WHAT THE TASK ASKS
Would you print out all of the data exactly and keep the pictures out of it?

COLLECTED DATA
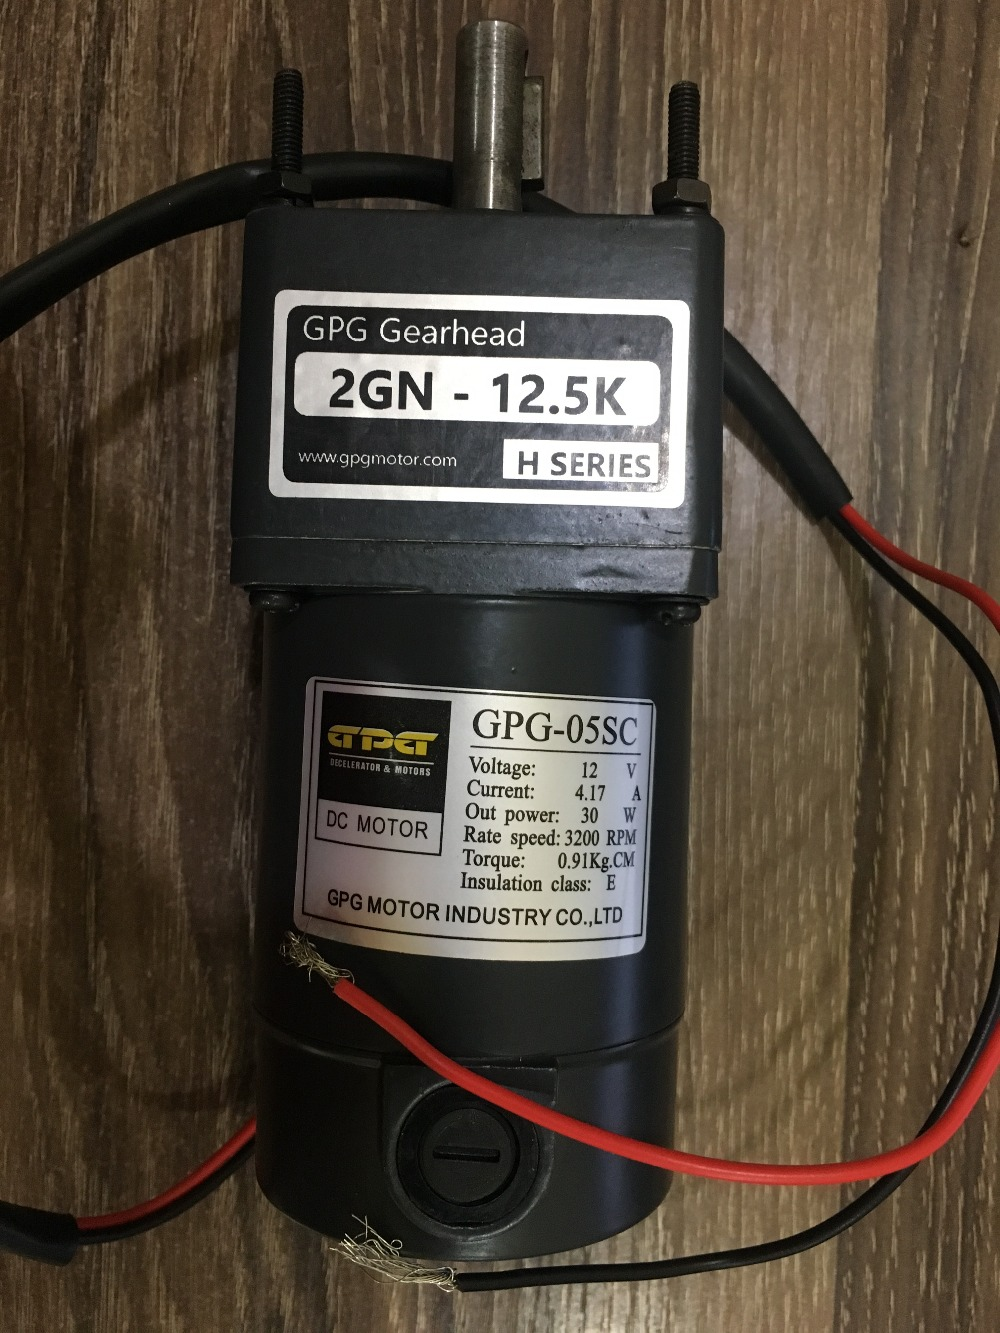 2GN 12 5k Taibang 12V 30W DC Motor Reducer Motor Brushed GPG 05SC replace GPG 06SC
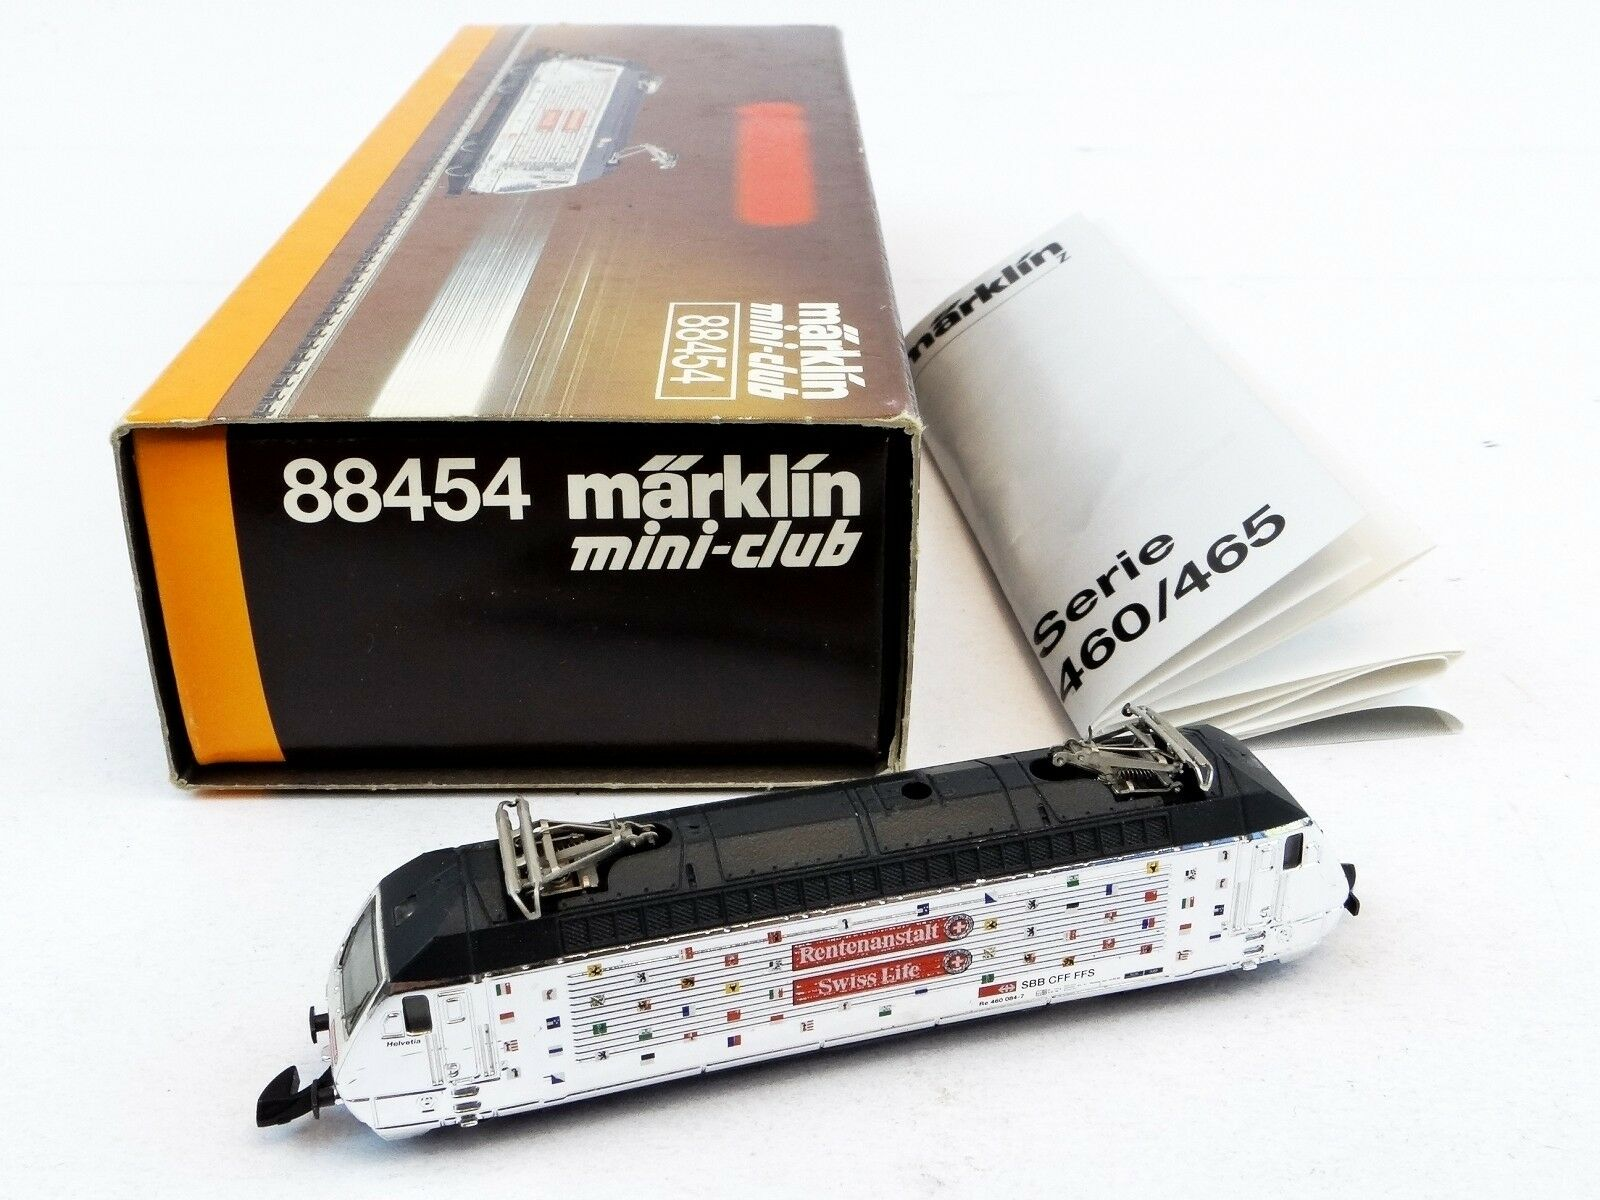 Märklin 88454 mini-club e-Lok serie 460 SBB pensioni manicomio analogico 1 220 Traccia Z
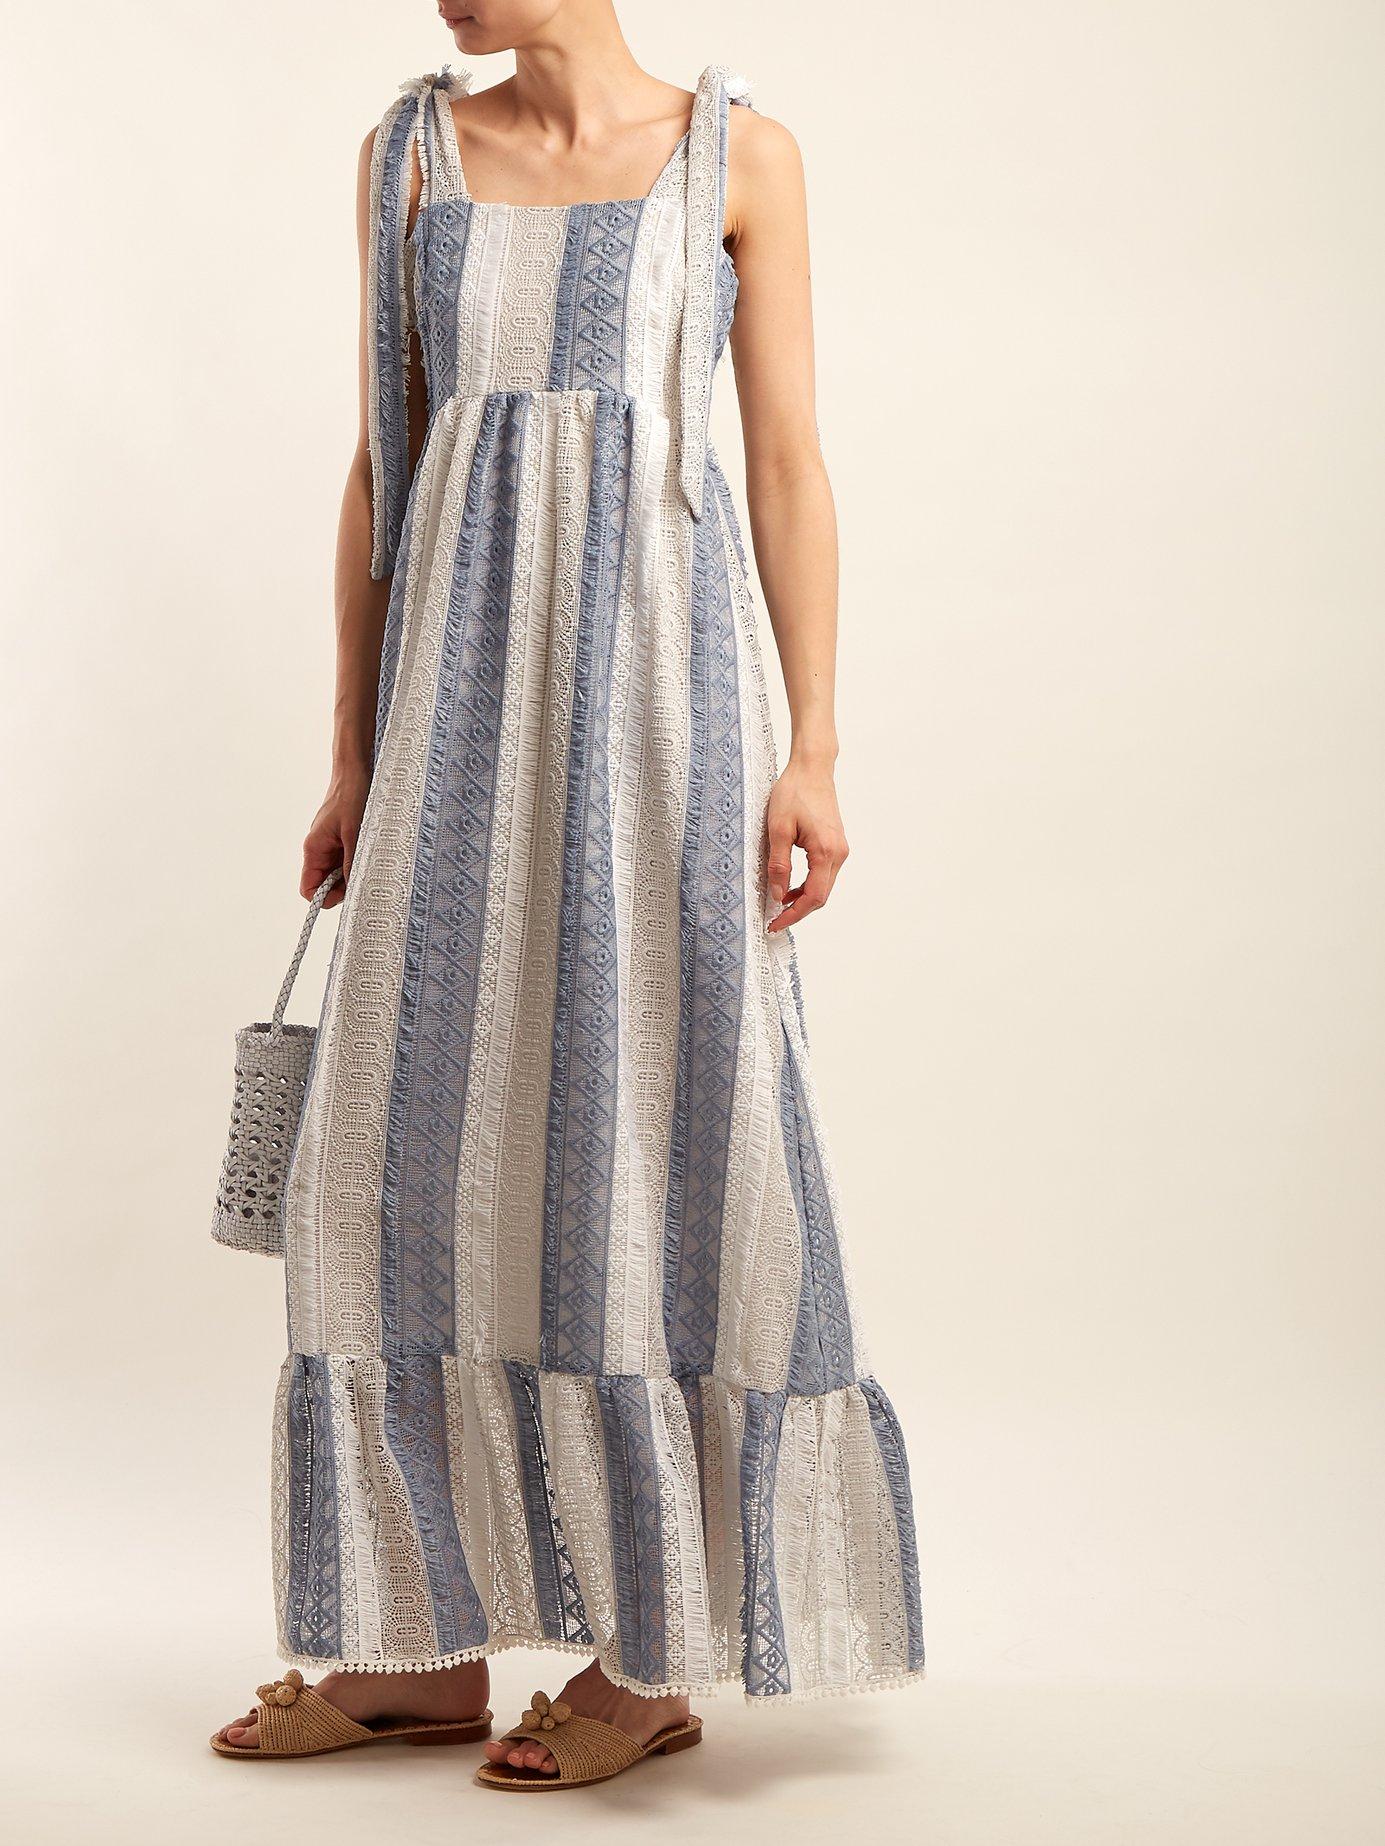 Tie-shoulder lace dress by Athena Procopiou

REPLY TO THE EXERCISE
 2GN 12 5k Taibang 12V 30W DC Motor Reducer Motor Brushed GPG 05SC replace GPG 06SC
 Märklin 88454 mini-club e-Lok serie 460 SBB pensioni manicomio analogico 1 220 Traccia Z
 Tie-shoulder lace dress by Athena Procopiou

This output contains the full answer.